[[ SUPPLIED MATERIAL open ]]
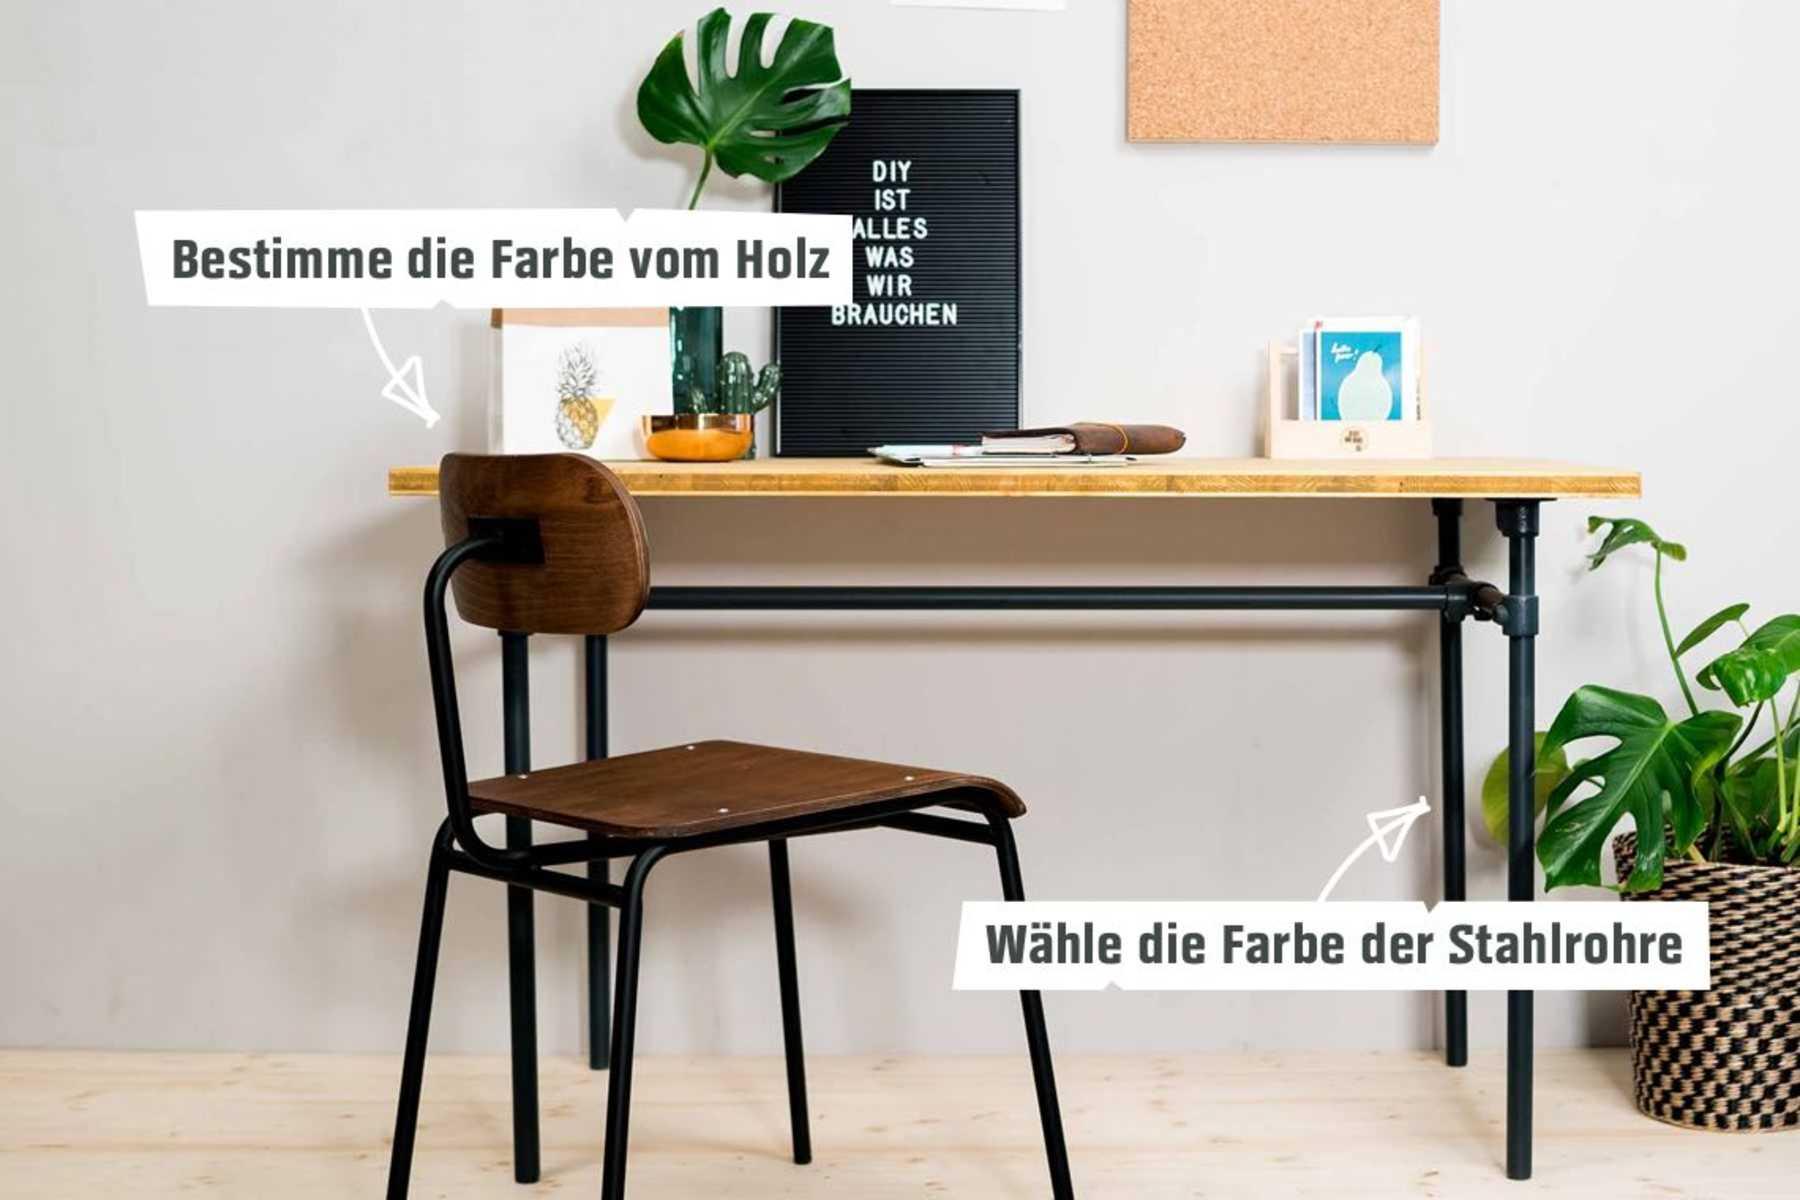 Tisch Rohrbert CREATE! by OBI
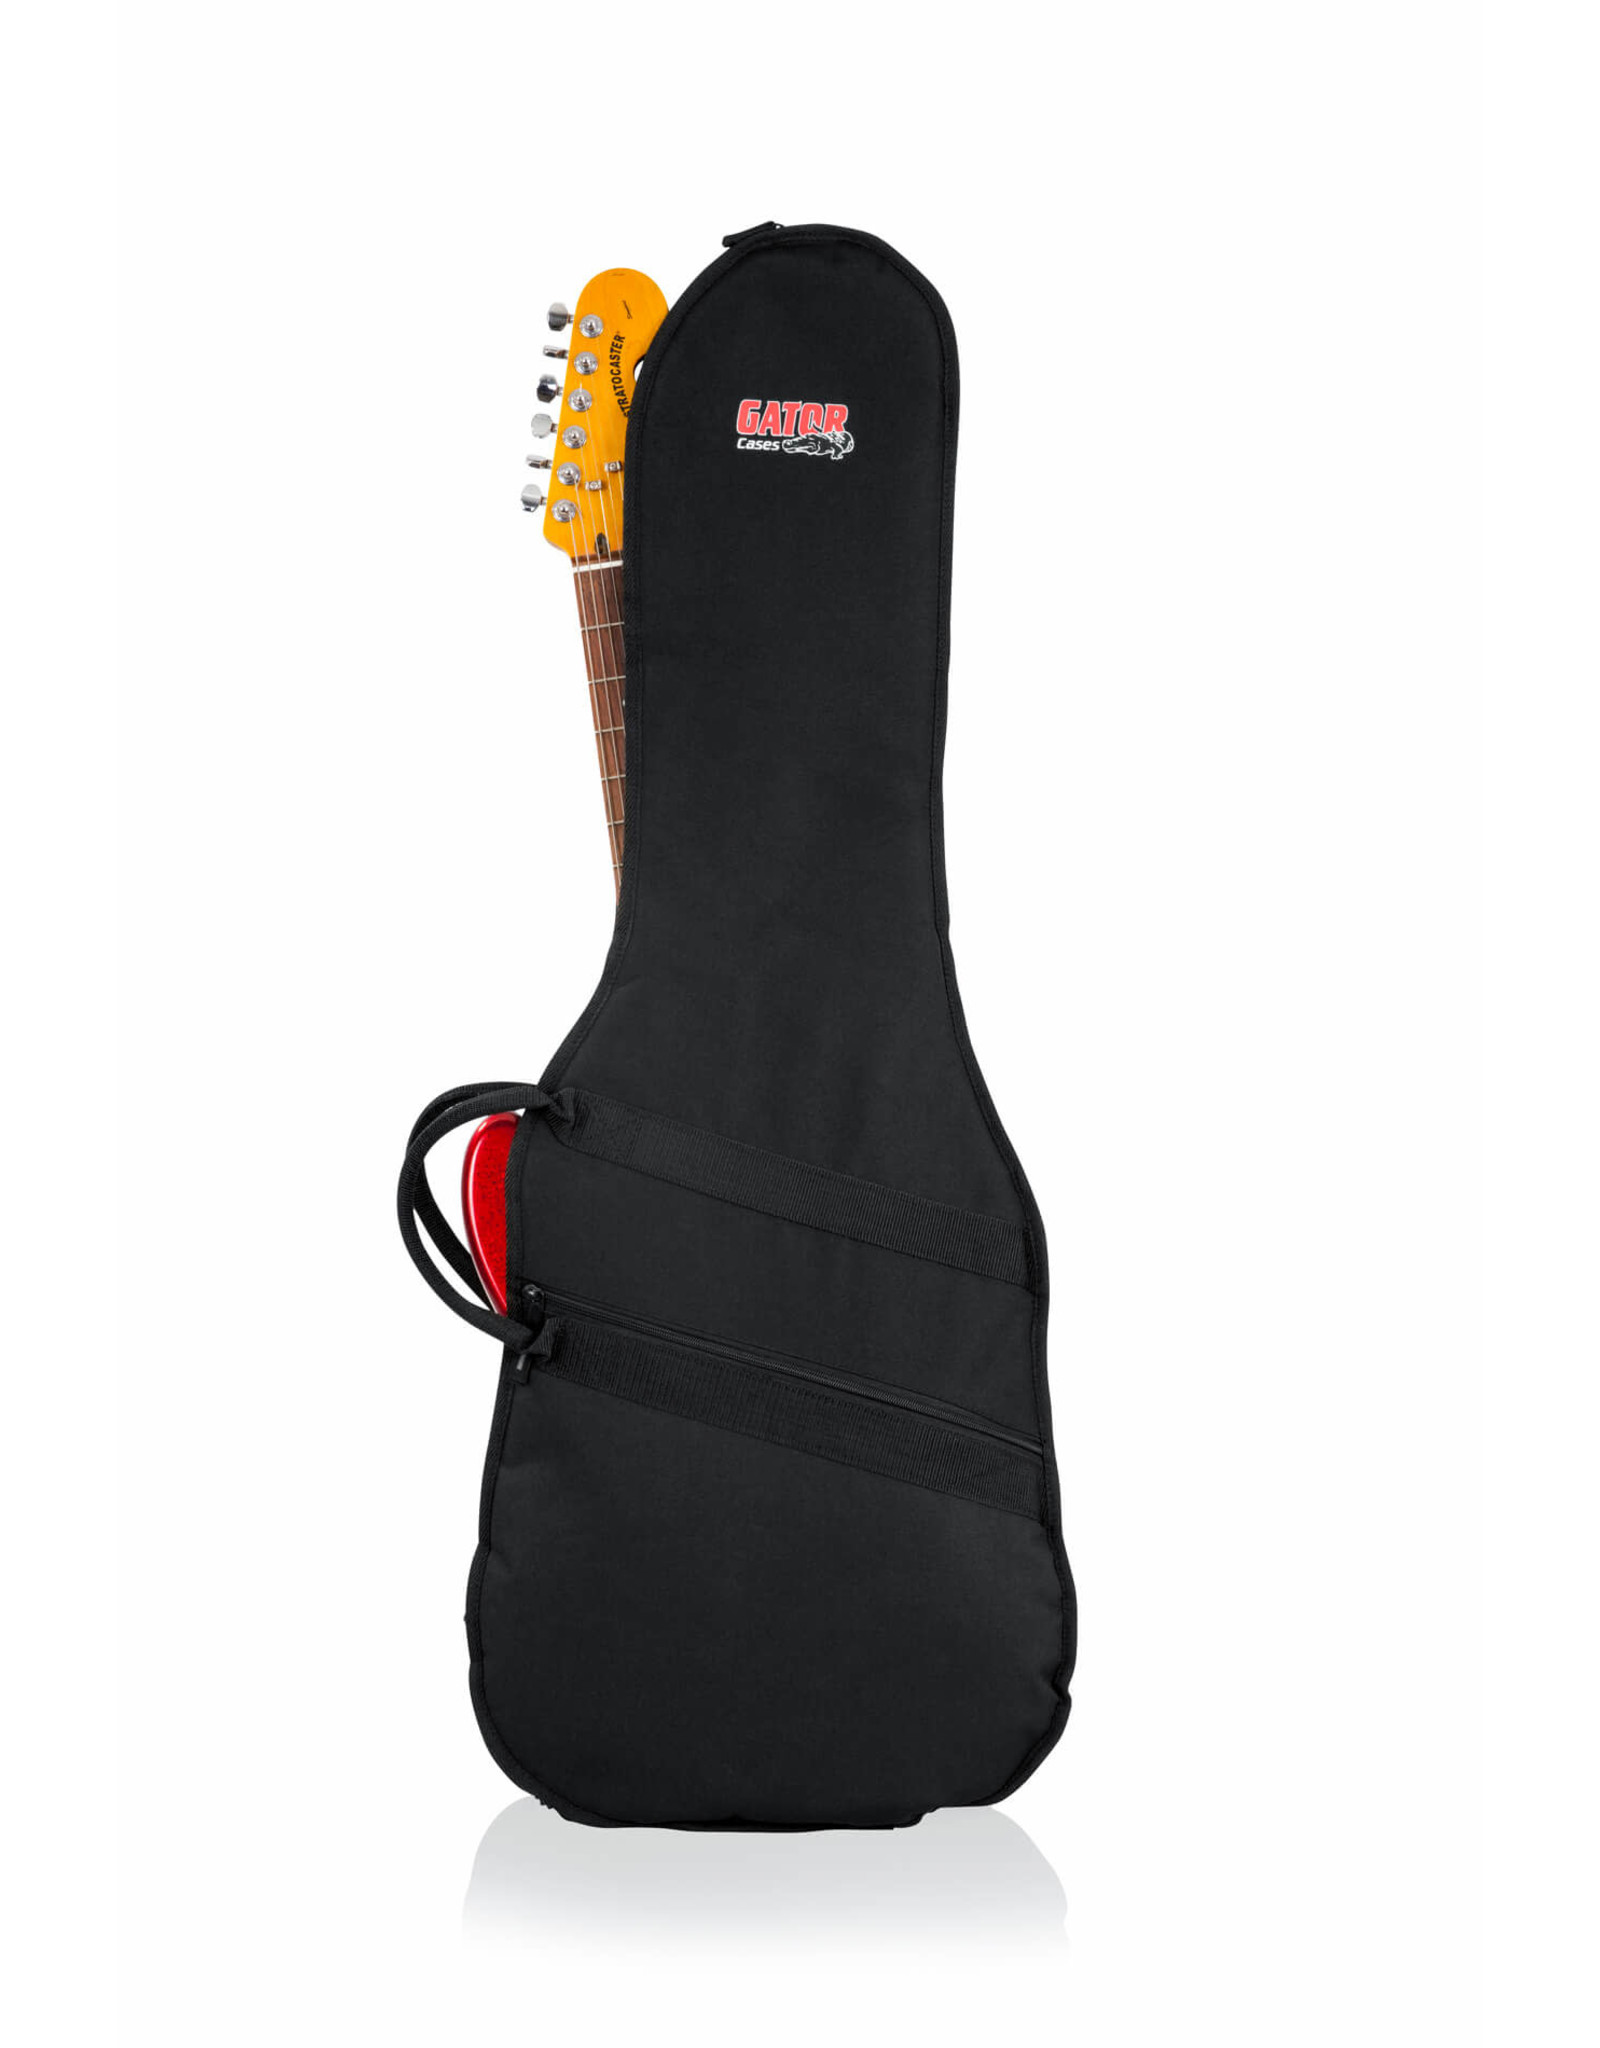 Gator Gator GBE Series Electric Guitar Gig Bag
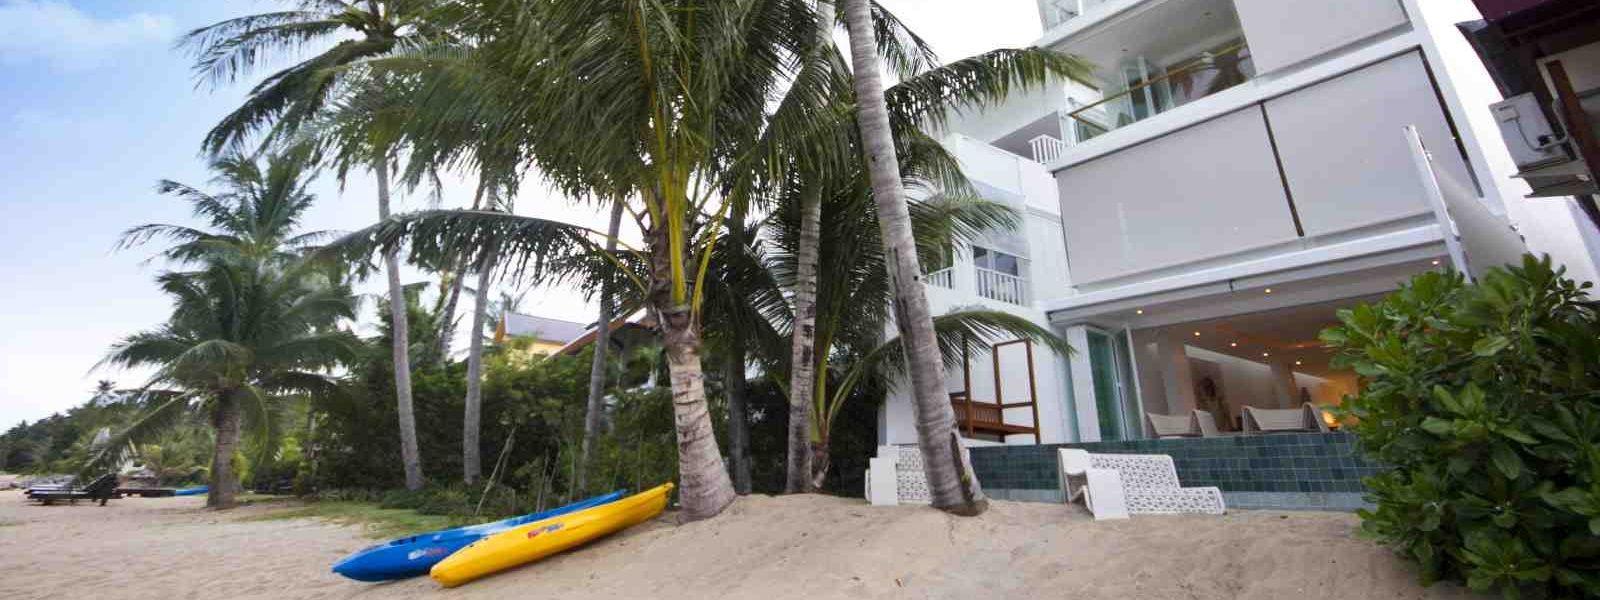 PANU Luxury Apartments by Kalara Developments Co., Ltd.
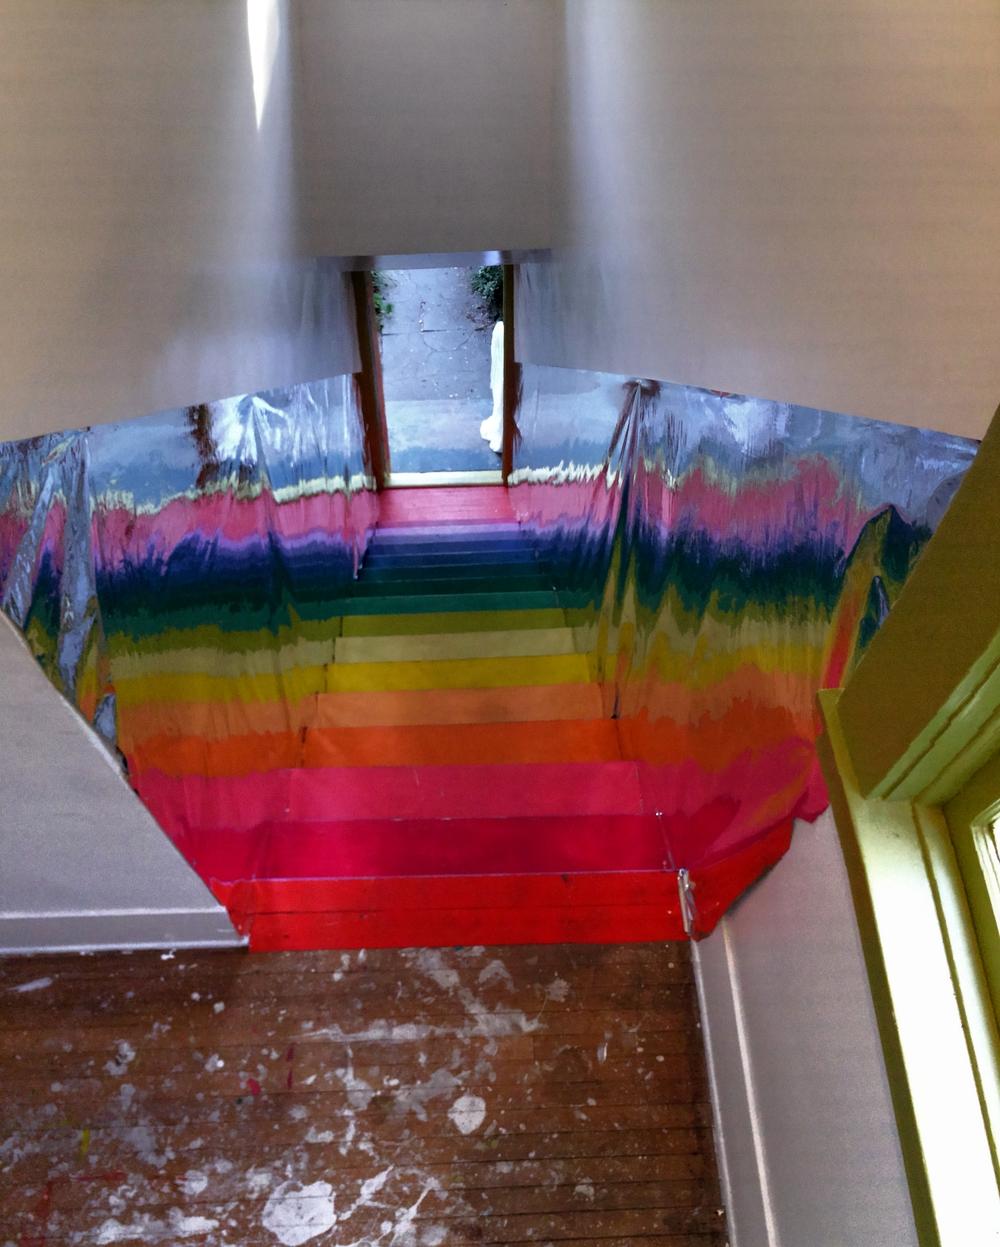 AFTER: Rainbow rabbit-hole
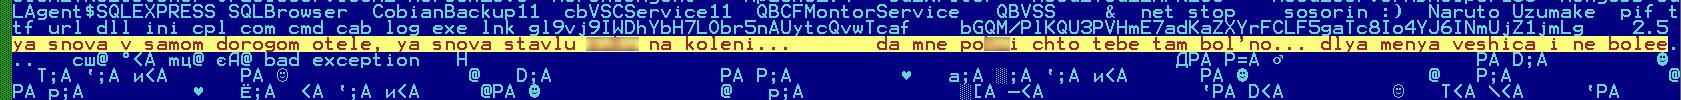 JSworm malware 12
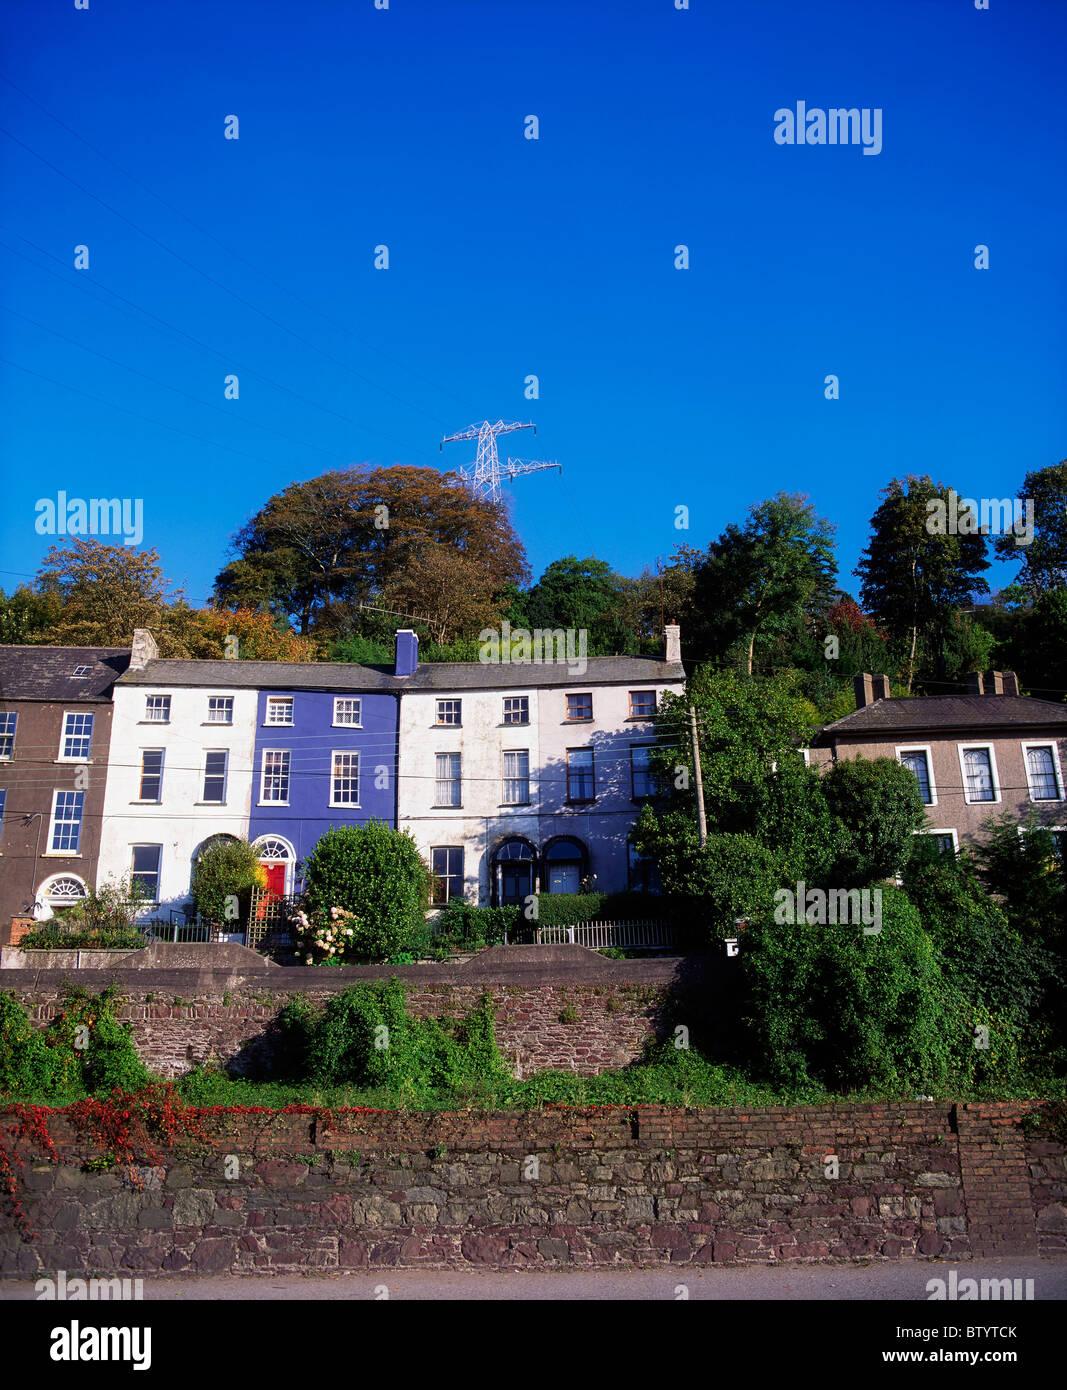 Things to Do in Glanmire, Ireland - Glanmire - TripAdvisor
[[ SUPPLIED MATERIAL closed ]]
* _ACTIVITY_: Please give every line above again word for word, apart from the pictures.

* _WRITTEN RESPONSE_:
 Tisch Rohrbert CREATE! by OBI
 Gator Gator GBE Series Electric Guitar Gig Bag
 PANU Luxury Apartments by Kalara Developments Co., Ltd.
 AFTER: Rainbow rabbit-hole
 JSworm malware 12
 Things to Do in Glanmire, Ireland - Glanmire - TripAdvisor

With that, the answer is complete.